Steve Grossman, alto & soprano saxophone
Richard Davis, bass, electric bass
Motohiko Hino, drums
Harold Mabern, piano, electric piano
Terumasa Hino, trumpet, flugelhorn

Recorded at "Sound Media" Studio, New York, April 6-7, 1970



One of the leading Japanese trumpeter Terumasa Hino (often titled "Japanese Miles Davis") differently from many co-patriots started his musical career not from short-lived but extremely popular free-jazz of late 60s.His first recordings were all hard bop (including album release in US in 1968 - quite a rare case for the time). In early 70s his music became heavily influenced by Miles Davis first fusion works.

"Alone Together" is one of Terumasa's five studio albums, released in 1970 (very successful year for Hino). Three long compositions (between nine and almost eighteen minutes long)represent very eclectic proto-fusion, kind of Davis "Miles In The Sky", but freer and more kaleidoscopic version.

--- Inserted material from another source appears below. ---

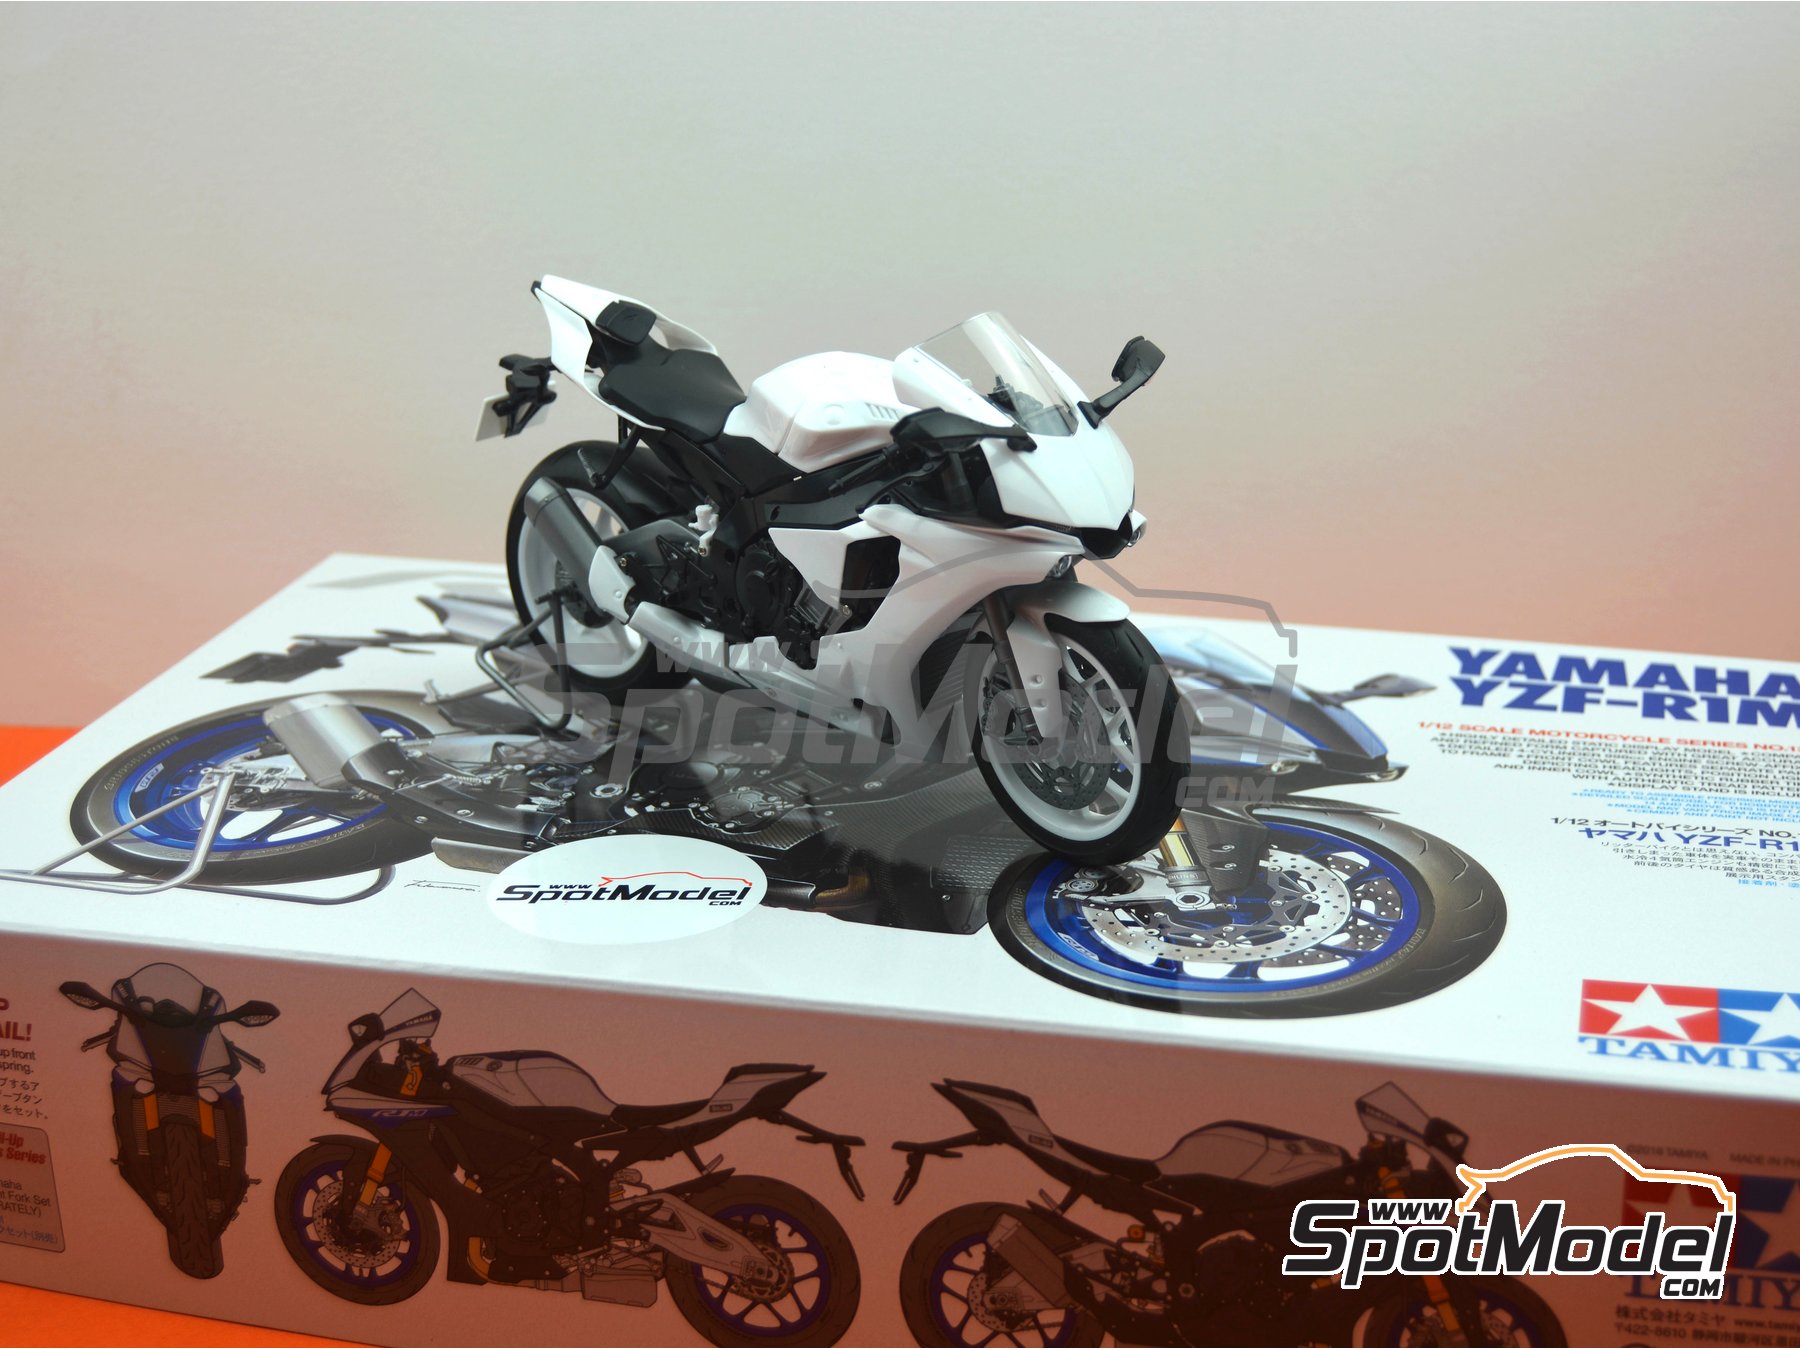 Tamiya 1/12 motorcycle series No.133 Yamaha YZF-R1M Model kit 14133 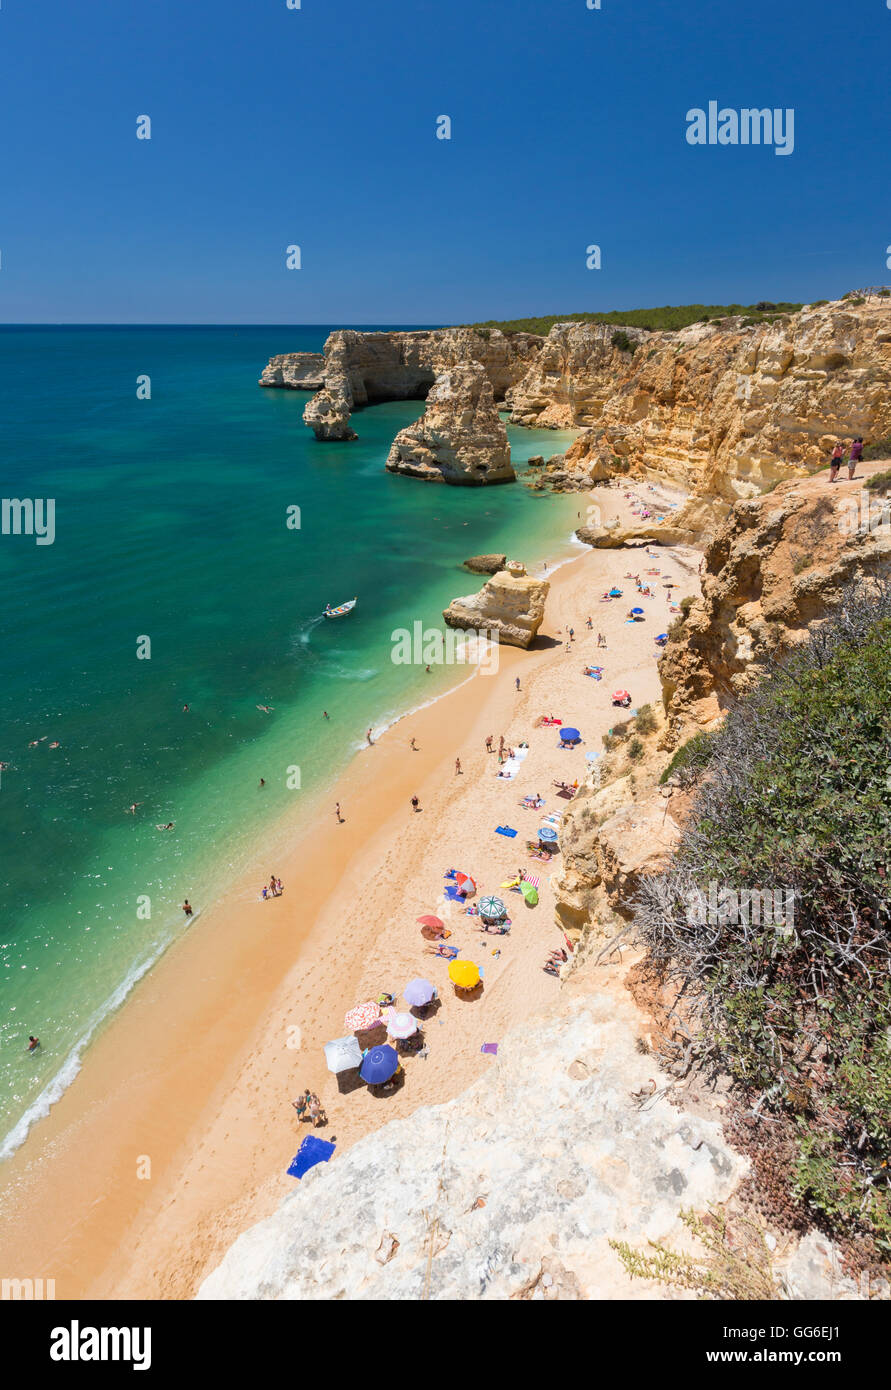 Les touristes sur une plage de sable Praia da Marinha entouré d'océan turquoise, Caramujeira, Municipalité de Lagoa, Algarve, Portugal Banque D'Images

If Miles genres evolution often being revolutionary has strong systematic logic, Terumasa's music here sounds more like chaotic bag full of colored glasses. Bassist Richard Davis (who played on Dolphy's "Out To Lunch!") is deeply hard-bop rooted musician who doesn't afraid playing free though. Pianist Harold Mabern is more comfortable with post-bop or even soul jazz, sax player Steve Grossman is Miles Davis fusion band's musician of the time. Terumasa's brother Motohiko Hino,who is generally great drummer,on this album is another destructive factor,blasting heavy rock-influenced strokes as he would be a God of thunder. This far not subtle drumming is stated in a front of sound mix what is most probably a fashion of the day but it often destroys initial beauty of musical pieces.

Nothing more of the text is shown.